_What needs to be done_: You are to retype exactly the line with "adidas Camiseta Titular" and every line after it in the entries below.
Segment Start: The input
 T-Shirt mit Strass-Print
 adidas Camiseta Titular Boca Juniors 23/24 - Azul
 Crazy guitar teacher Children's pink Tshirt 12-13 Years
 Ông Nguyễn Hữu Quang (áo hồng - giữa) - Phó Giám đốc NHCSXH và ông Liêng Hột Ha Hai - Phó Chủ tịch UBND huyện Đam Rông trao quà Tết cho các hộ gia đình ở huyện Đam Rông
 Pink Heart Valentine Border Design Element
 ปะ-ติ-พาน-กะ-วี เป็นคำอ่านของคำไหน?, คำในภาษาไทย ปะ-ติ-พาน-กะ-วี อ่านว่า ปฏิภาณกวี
Segment End: The input
_Response box_:
 adidas Camiseta Titular Boca Juniors 23/24 - Azul
 Crazy guitar teacher Children's pink Tshirt 12-13 Years
 Ông Nguyễn Hữu Quang (áo hồng - giữa) - Phó Giám đốc NHCSXH và ông Liêng Hột Ha Hai - Phó Chủ tịch UBND huyện Đam Rông trao quà Tết cho các hộ gia đình ở huyện Đam Rông
 Pink Heart Valentine Border Design Element
 ปะ-ติ-พาน-กะ-วี เป็นคำอ่านของคำไหน?, คำในภาษาไทย ปะ-ติ-พาน-กะ-วี อ่านว่า ปฏิภาณกวี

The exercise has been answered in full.